> [Task objective]: Identify all lines in the data containing the string "coin". Copy them out.

> [Provided information]:
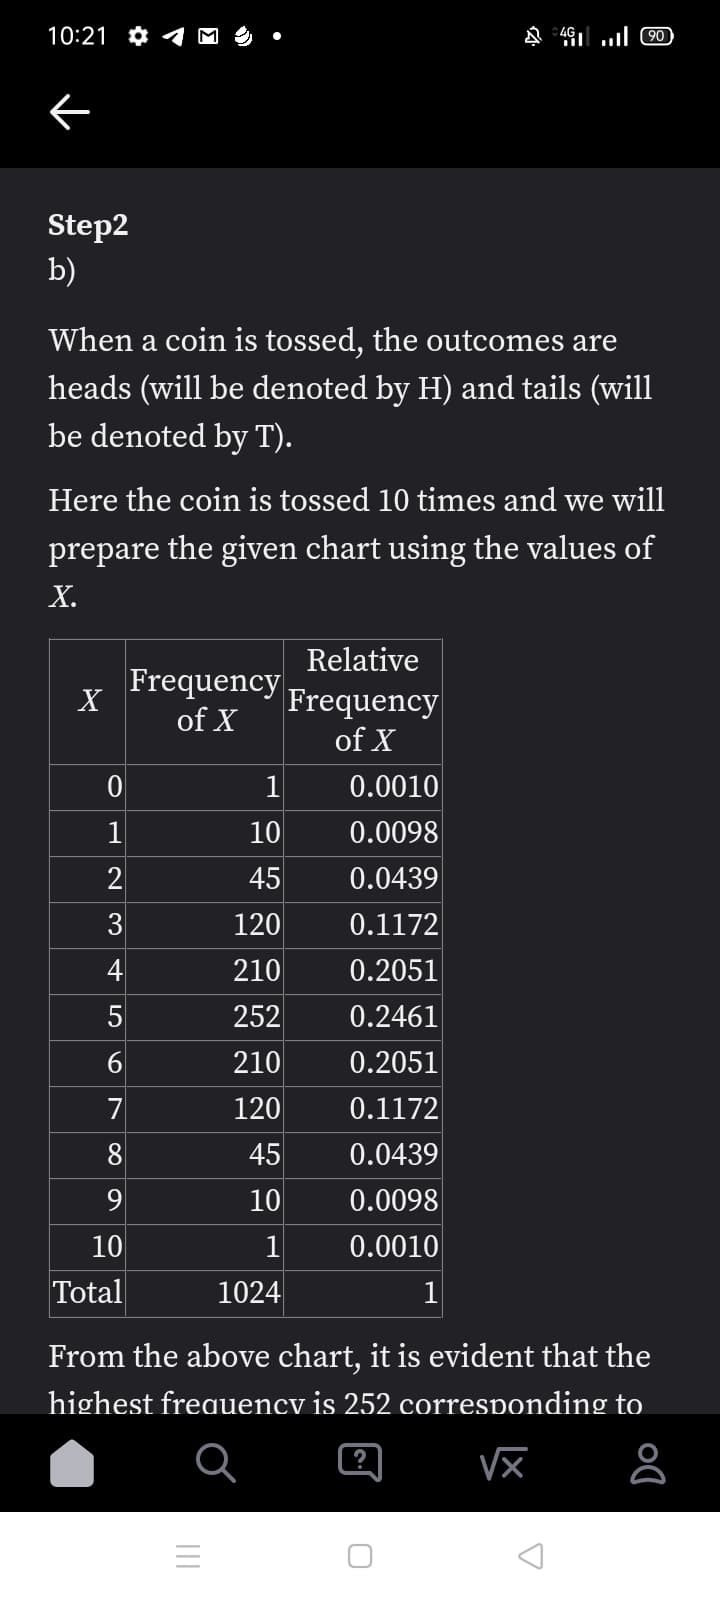 10:21 *
C0 1. ן% &
Step2
b)
When a coin is tossed, the outcomes are
heads (will be denoted by H) and tails (will
be denoted by T).
Here the coin is tossed 10 times and we will
prepare the given chart using the values of
Х.
Relative
Frequency
X
Frequency
of X
of X
1
0.0010
10
0.0098
2
45
0.0439
3
120
0.1172
4
210
0.2051
5
252
0.2461
210
0.2051
7
120
0.1172
8
45
0.0439
10
0.0098
10
1
0.0010
Total
1024
1
From the above chart, it is evident that the
highest freauency is 252 corresponding to
?
6
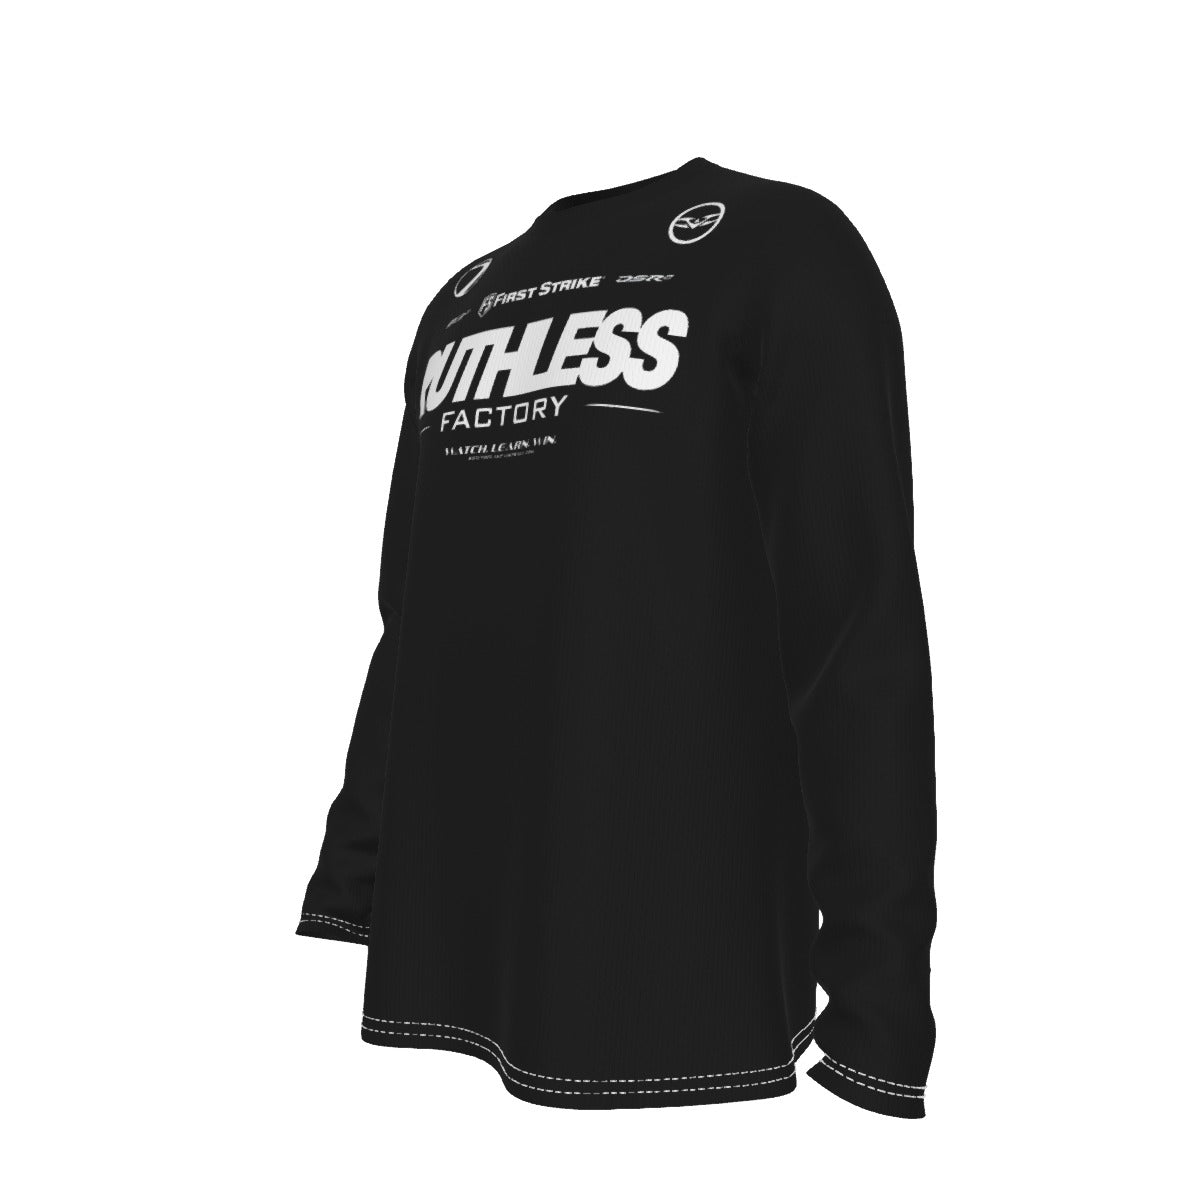 Ruthless Factory Long Sleeve
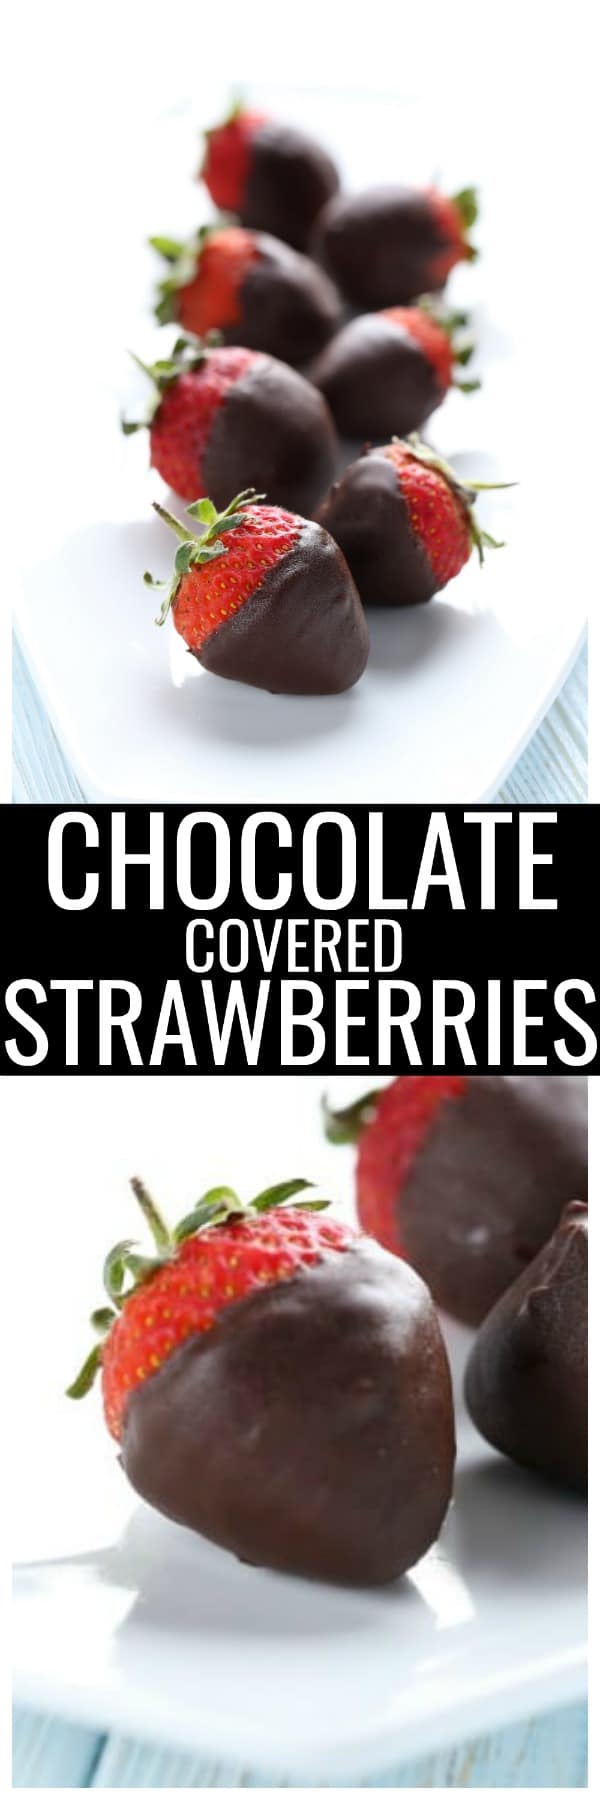 Every great hostess should know how to make chocolate covered strawberries. This easy chocolate covered strawberries recipe comes together in just minutes and always impresses guests. Or, make these Valentine's Day chocolate covered strawberry as a romantic dessert for someone special.

> [Solution]:
When a coin is tossed, the outcomes are
Here the coin is tossed 10 times and we will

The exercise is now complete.